In his autobiography (Blessings in Disguise, 34-35), Alex Guinness claims he had a premonition of James Dean’s demise. There used to be a snippet of an interview on YouTube in which he recounted the same story.
And here’s another anecdote:
The next story is also one of a disaster averted–in less dramatic and more tortuous ways. It was told by Sir Alec Guinness during a luncheon with mutual friends; he then kindly put it down in writing at my request:Saturday July 3rd 1971 was, for me, a quiet day of rehearsals ending with dinner with a friend and going to bed at 11:30 PM. Before going to bed I set my two alarm clocks to wake me at 7:20 AM. When working in London at a weekend it has been my habit to get up at 7:20 on the Sunday morning and leave my flat at 7:45 for the short walk to Westminster Cathedral for Mass at 8:00. (I have been a Catholic, of a sort, for about sixteen years.) On returning from Mass I would have a quick light breakfast and catch the 9:50 Portsmouth train, from Waterloo, to my home near Petersfield. On this particular night I remember I didn’t sleep a great deal as I constantly woke up–perhaps each hour–with a tremendous sense of well-being and happiness, for no reason that I can put my finger one.

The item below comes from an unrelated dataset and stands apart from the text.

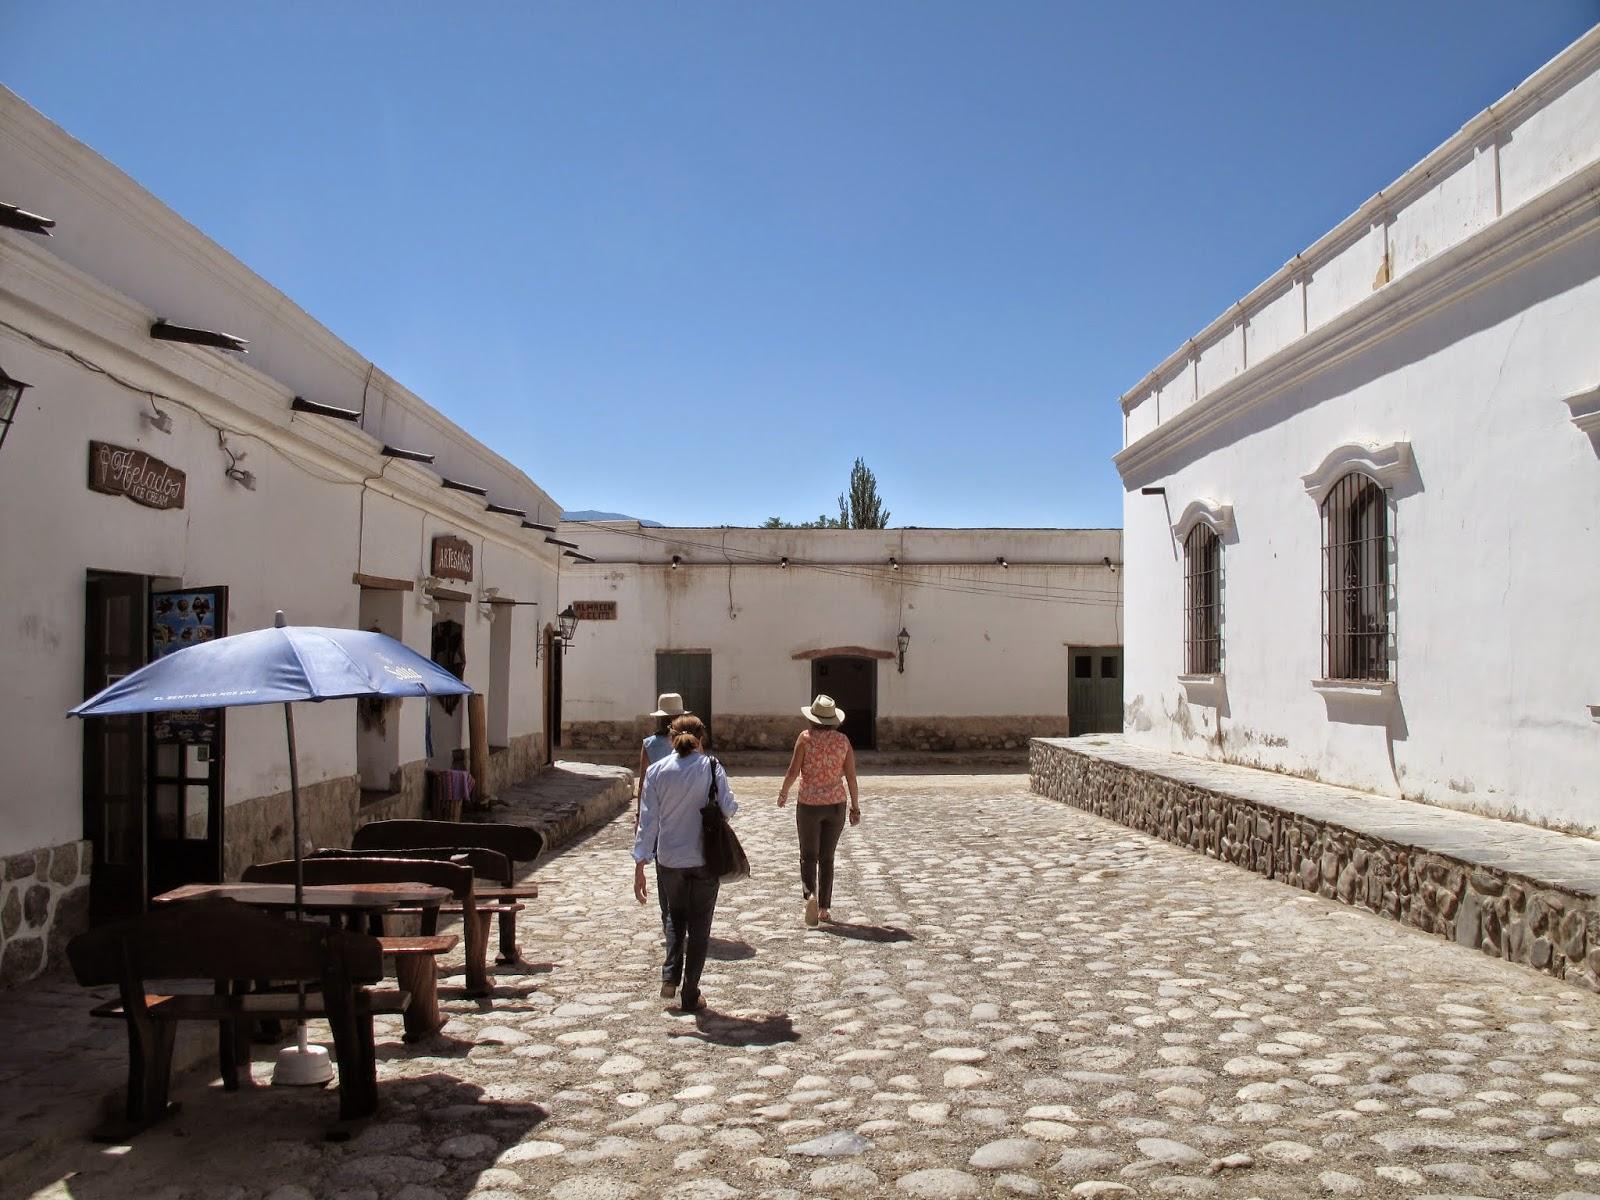 POR TIERRA POR LA TIERRA: Cachi, Pueblo Blanco Del Silencio

By habit and instinct I am a very punctual riser in the morning, and usually wake up two or three minutes before the alarm clock rings. On this particular morning I woke, glanced in the half light at the clock and thought “My God, I’ve overslept!” It appeared to me the clock said 7:40 (I didn’t refer to the second clock). I rushed through washing and so on and hurried to the Cathedral. Very unexpectedly–in fact it had never happened before–I found a taxi at that early hour, so I thought I was at the Cathedral at 7:55. With time to spare I went to confession. When Mass started I thought the attendance was considerably larger than usual for eight o’clock. It was only when what was obviously going to be a rather tedious sermon was underway that I glanced at my watch and realized I was at the 9:00 Mass instead of the 8:00. I went home as usual, saw that both my alarm clocks were correct and decided to catch the 10:50 train instead of the 9:50. (My wife was away in Ireland so it made no difference what train I caught.) When I arrived at Waterloo at 10:30 there was an announcement that all trains on the Portsmouth line were delayed for an unspecified amount of time. An enquiry gave me the information that the 9:50 train had been derailed a few miles outside London. Subsequently I found out that it was the front coach of the train which had toppled on its side and that, although no one was killed, or even grievously injured, the occupants of the coach had been badly bruised and taken to hospital. My habit, when catching the 9:50 on a Sunday morning, had been to sit in the front compartment of the front coach because, when in Waterloo station, that coach was in the open air, away from the roofing of Waterloo and consequently with more light for reading and less likelihood of being crowded.In my reply to his letter I pointed out that he had not only overslept (by an hour and twenty minutes!) but had also misread the clock by an hour; had he not done so, he might have decided to skip mass and catch the ill-fated 9:50 train after all.He wrote back that he also thought that his misreading the clock was the oddest thing about the story–“particularly as there were two clocks, almost side-by-side.”
Arthur Koestler, “Anecdotal Cases,” Alister Hardy, Robert Harvie, & Arthur Koestler, The Challenge of Chance (Random House 1974), 184-86.